| REQUIREMENT |
Exact copies of the lines below, from the one with "El Río Gannel" up to and including the one with "abandonadas,As", are what this calls for; leave out pictures.

| RECORDS TO PROCESS |
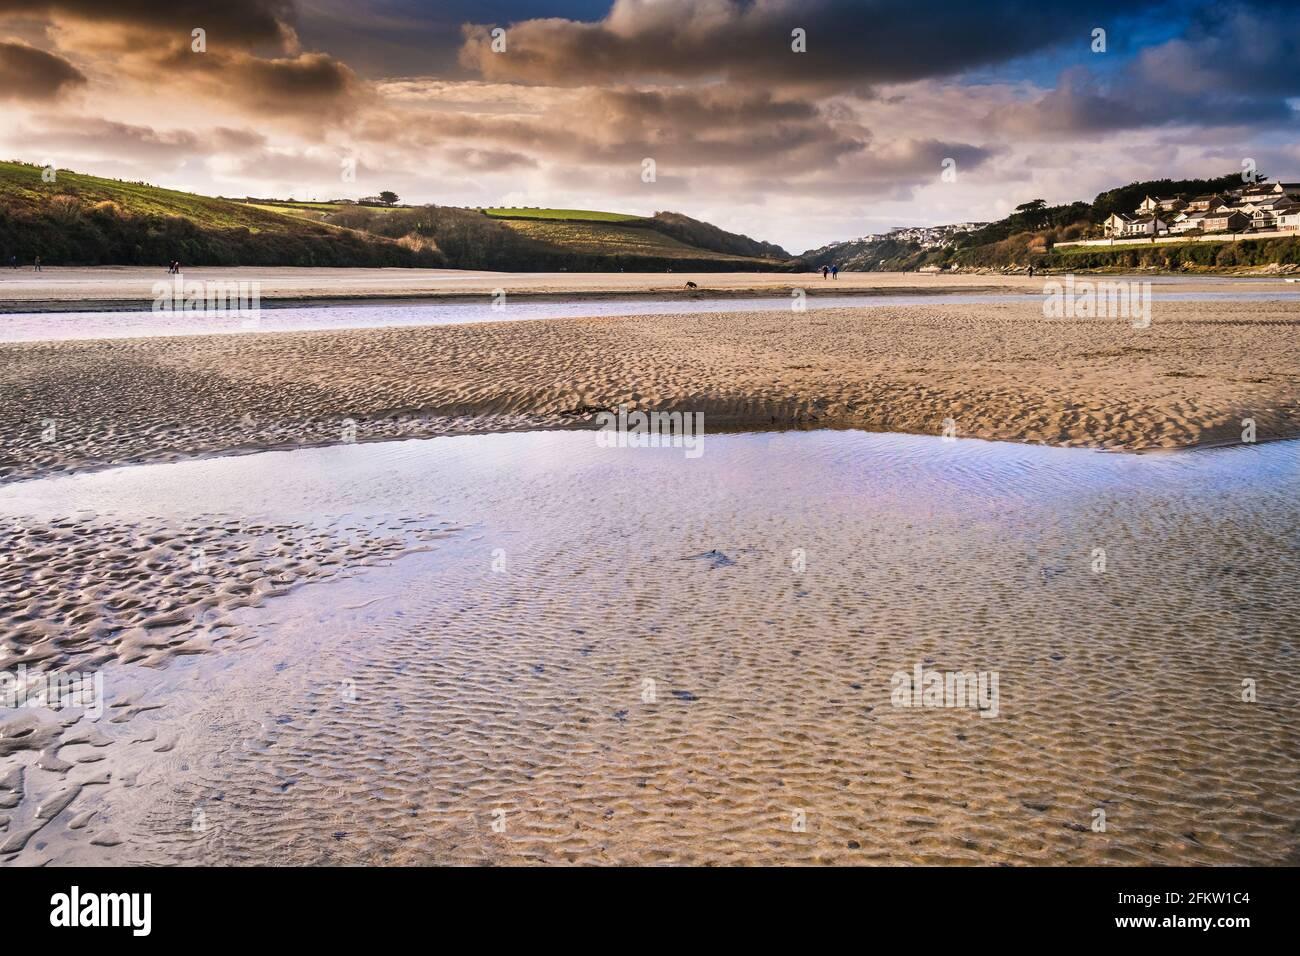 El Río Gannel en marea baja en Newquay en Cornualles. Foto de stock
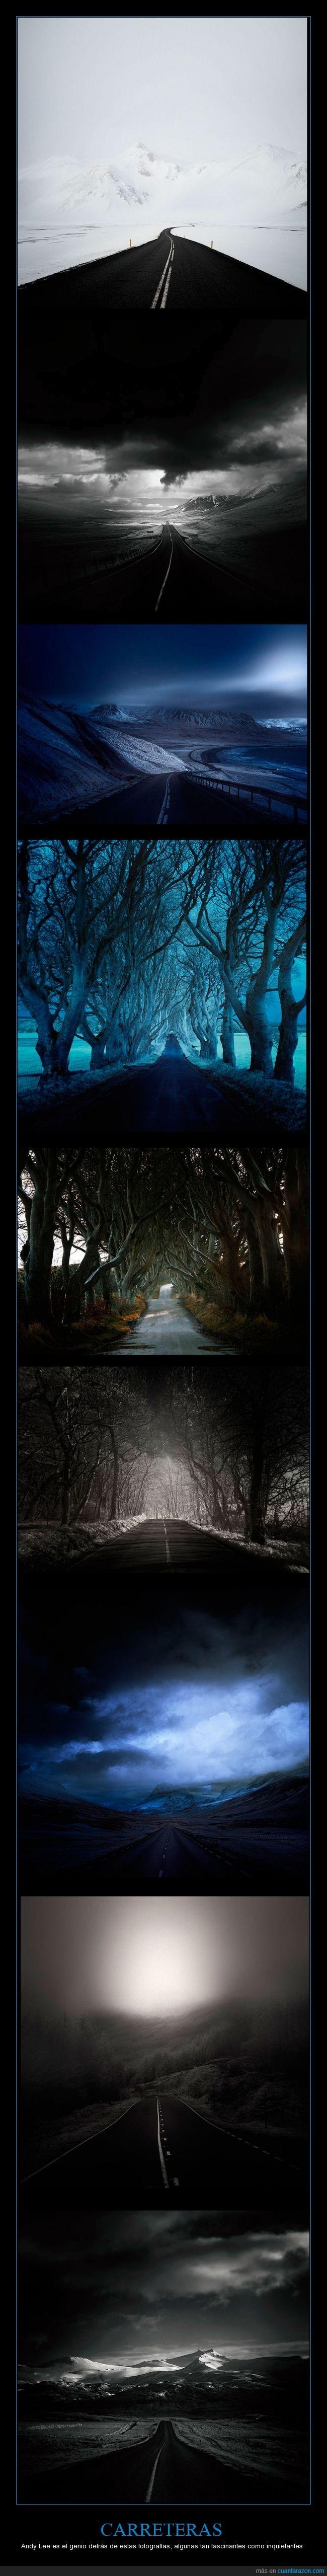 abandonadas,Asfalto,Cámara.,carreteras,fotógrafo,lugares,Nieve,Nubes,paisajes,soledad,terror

--

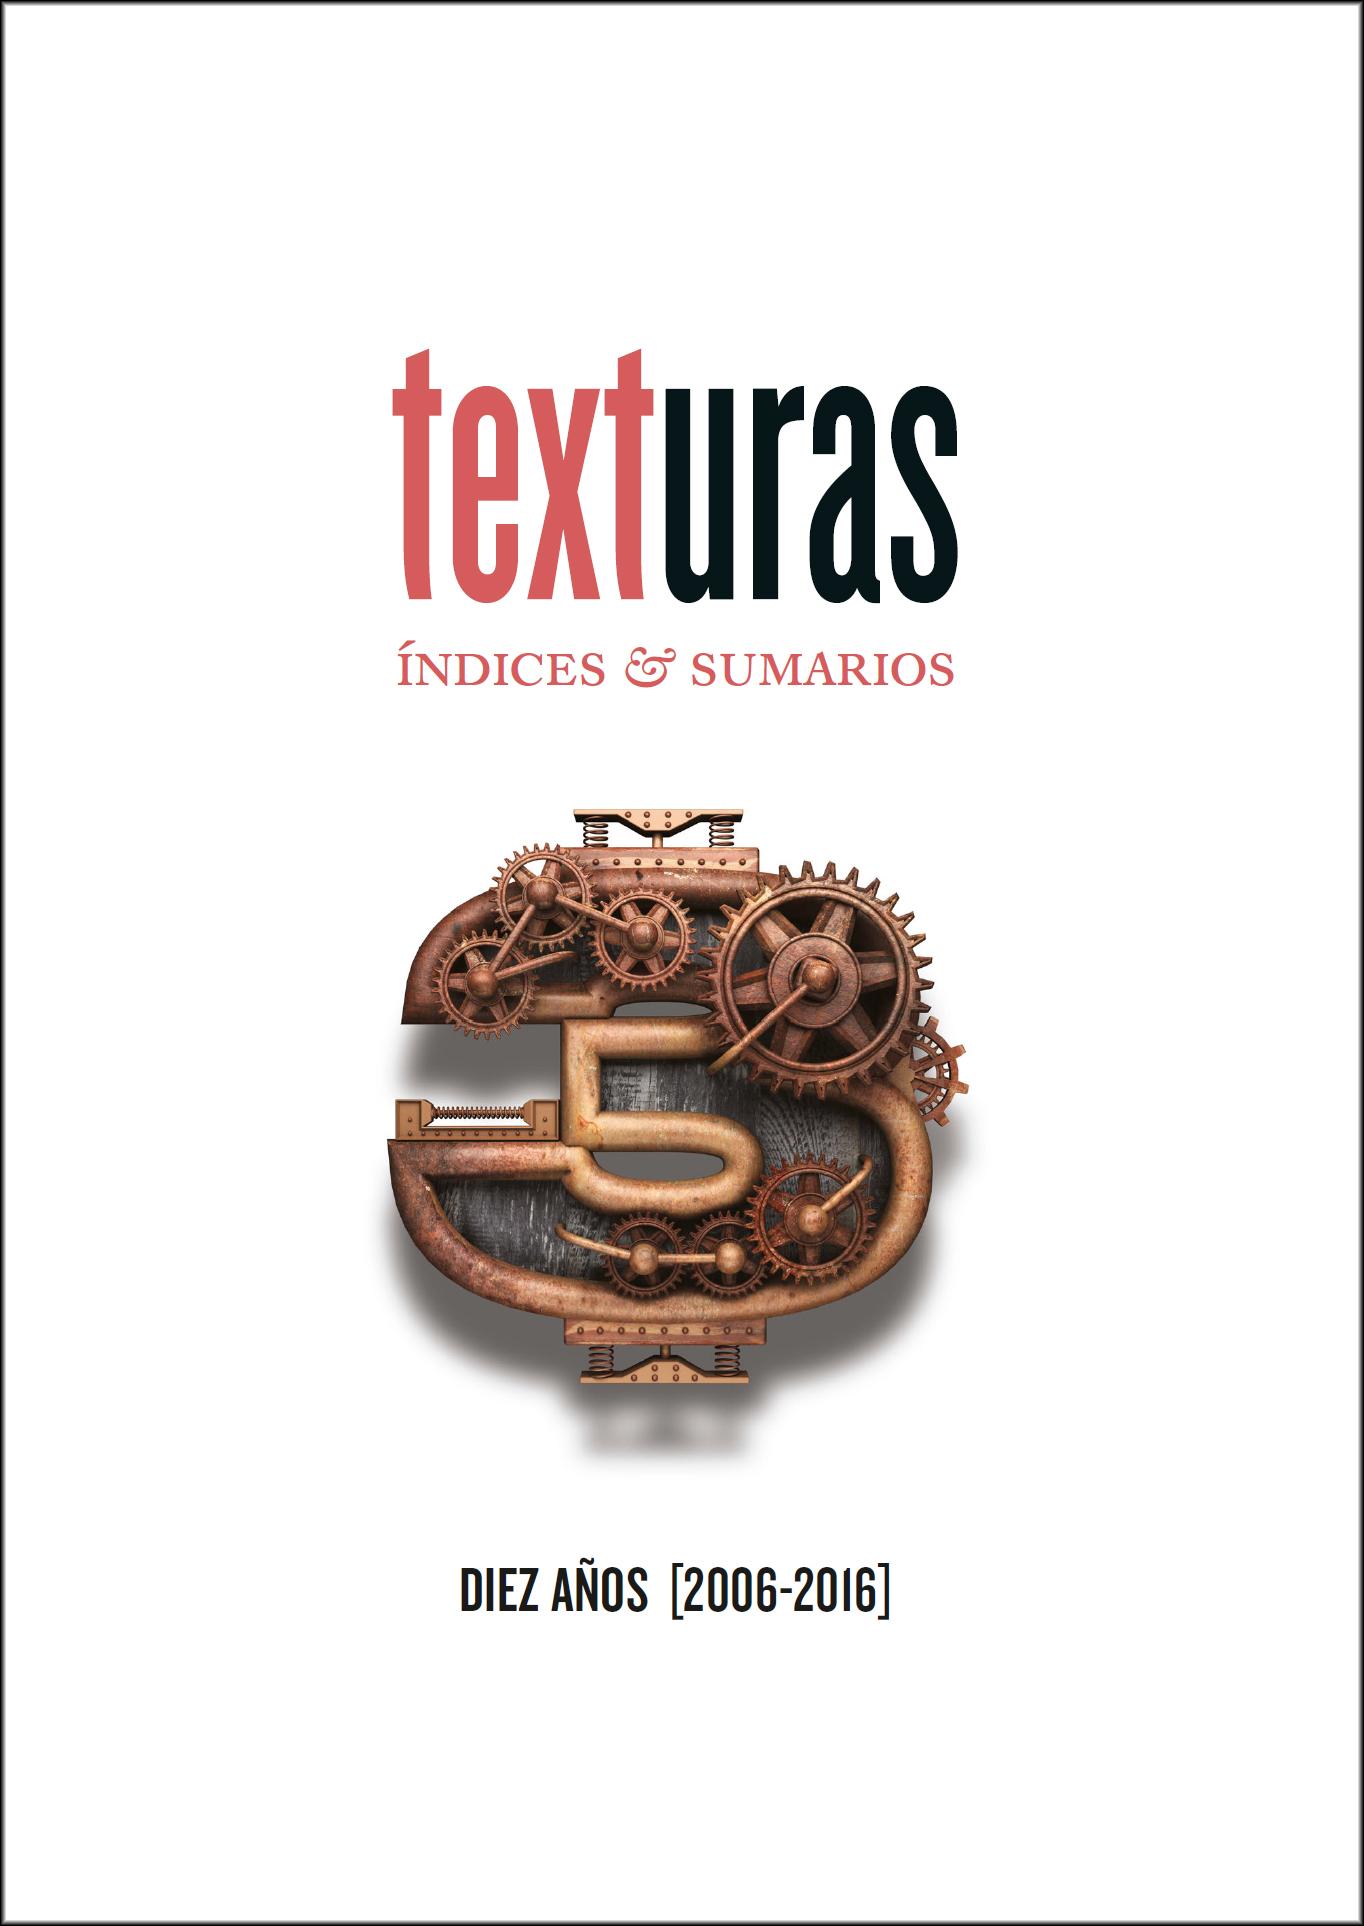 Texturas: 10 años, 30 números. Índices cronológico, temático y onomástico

--

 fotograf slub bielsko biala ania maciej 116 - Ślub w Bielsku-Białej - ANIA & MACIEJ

| RESPONSE FOR THIS EXERCISE |
 El Río Gannel en marea baja en Newquay en Cornualles. Foto de stock
 abandonadas,Asfalto,Cámara.,carreteras,fotógrafo,lugares,Nieve,Nubes,paisajes,soledad,terror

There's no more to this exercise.